Todo llega, todo pasa, sólo
Dios permanece,
decía el Hermano Rafael.
Todos los días podemos ver con nuestros propios ojos cómo todo lo que nos
rodea se convierte en polvo, cómo la muerte lo cambia, lo trunca, lo pisotea y
lo arroja todo en el abismo de la eternidad. Todo lo que está en torno nuestro desaparece,
muere, se corrompe.
Nada de lo que tiene fin es
grande,
añadía Rafael.
Nosotros mismos nos vamos disipando como el humo. No poseemos aquí nuestra permanente morada, sino que buscamos la
venidera, escribió San Pablo a los Hebreos.
Acuérdate, hombre, de que
eres polvo y en polvo te convertirás, nos dice la Iglesia el Miércoles de Cenizas.

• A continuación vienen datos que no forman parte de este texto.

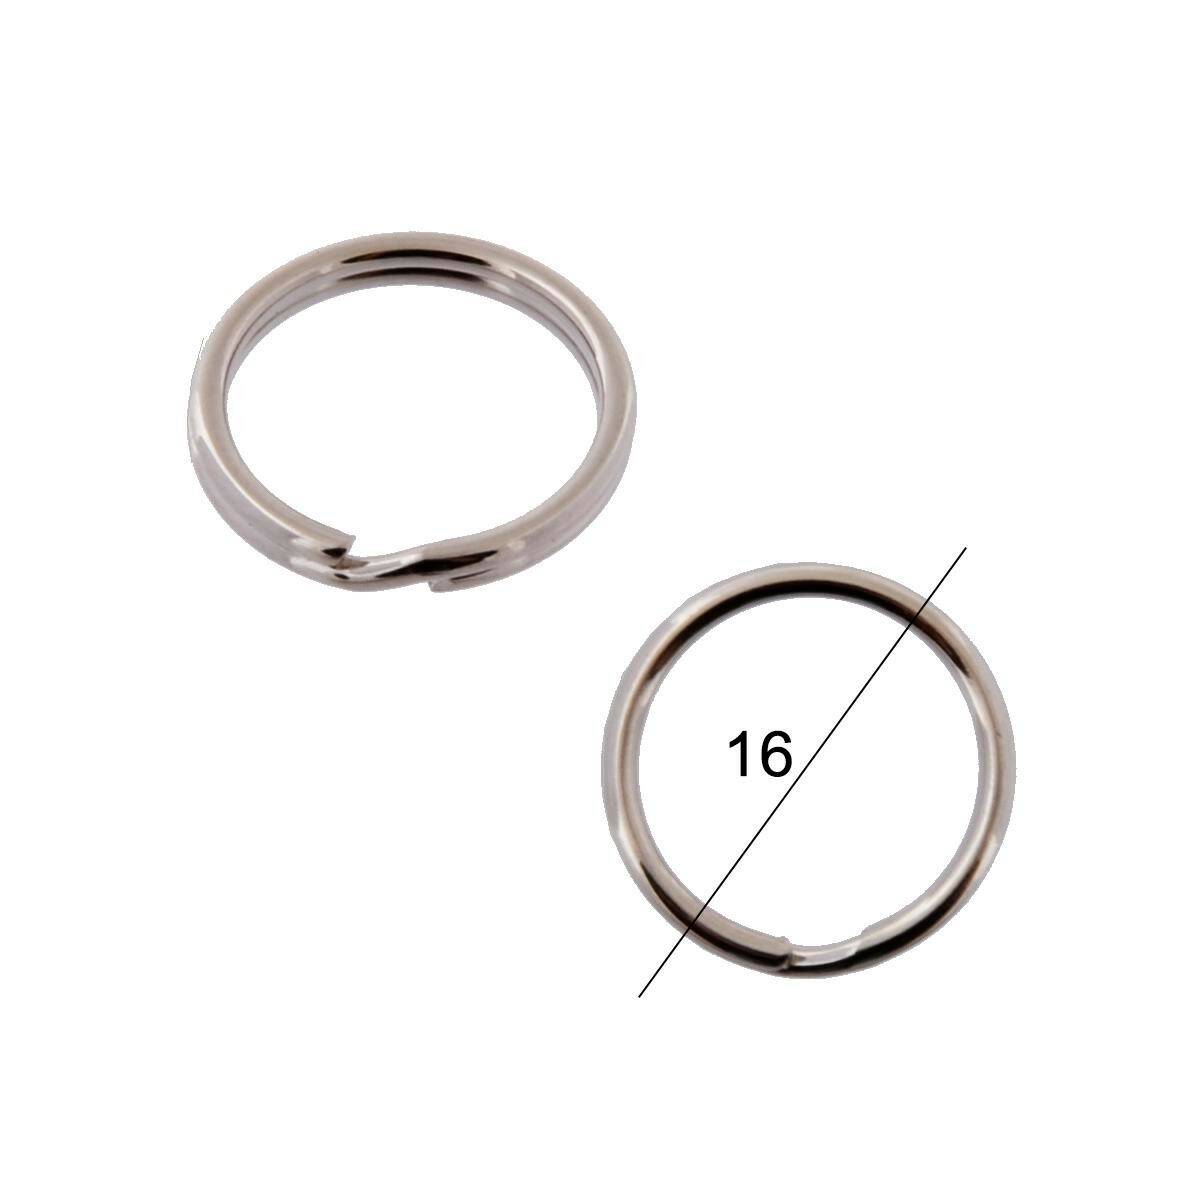 Key rings standard - diameter 16mm

Esperad la Revelación de Nuestro
Señor Jesucristo. Sólo debemos preocuparnos de lo permanente, de lo eterno.
Conforme a esto, San Pablo enseñaba a los corintios: El tiempo de nuestra vida es breve. Por lo
tanto, los casados vivan como si no lo fueran; los que lloran, como si no lloraran;
los que se alegran, como si no se alegraran; los que compran, como si no
poseyeran nada; los que trafican con el mundo, como si no traficaran, porque la
figura de este mundo es pasajera.
Esperemos de este modo la Revelación, la Vuelta del Señor, su Parusía.
No debemos temer el día de la Vuelta del Señor. Al contrario, debemos
alegrarnos de ello, debemos desear ansiosamente su llegada.
Sólo los que viven apegados a la nada pueden temer su encuentro con la
nada, porque se encontrarán con un pavoroso y eterno vacío.
Pero nosotros, los creyentes, hace ya mucho tiempo que rompimos con la
nada y nos entregamos por completo a lo divino y a lo eterno.
Hemos procurado llevar y desarrollar en un vaso frágil, fabricado del
polvo de este mundo, el germen de la vida eterna. Cuando venga el Señor y nos
llame, nuestros esfuerzos serán recompensados.
¿No debemos, pues, alegrarnos de su venida?
¡Cómo me alegro de que me hayan
dicho: Vamos a la Casa del Señor!, dice el Introito de hoy.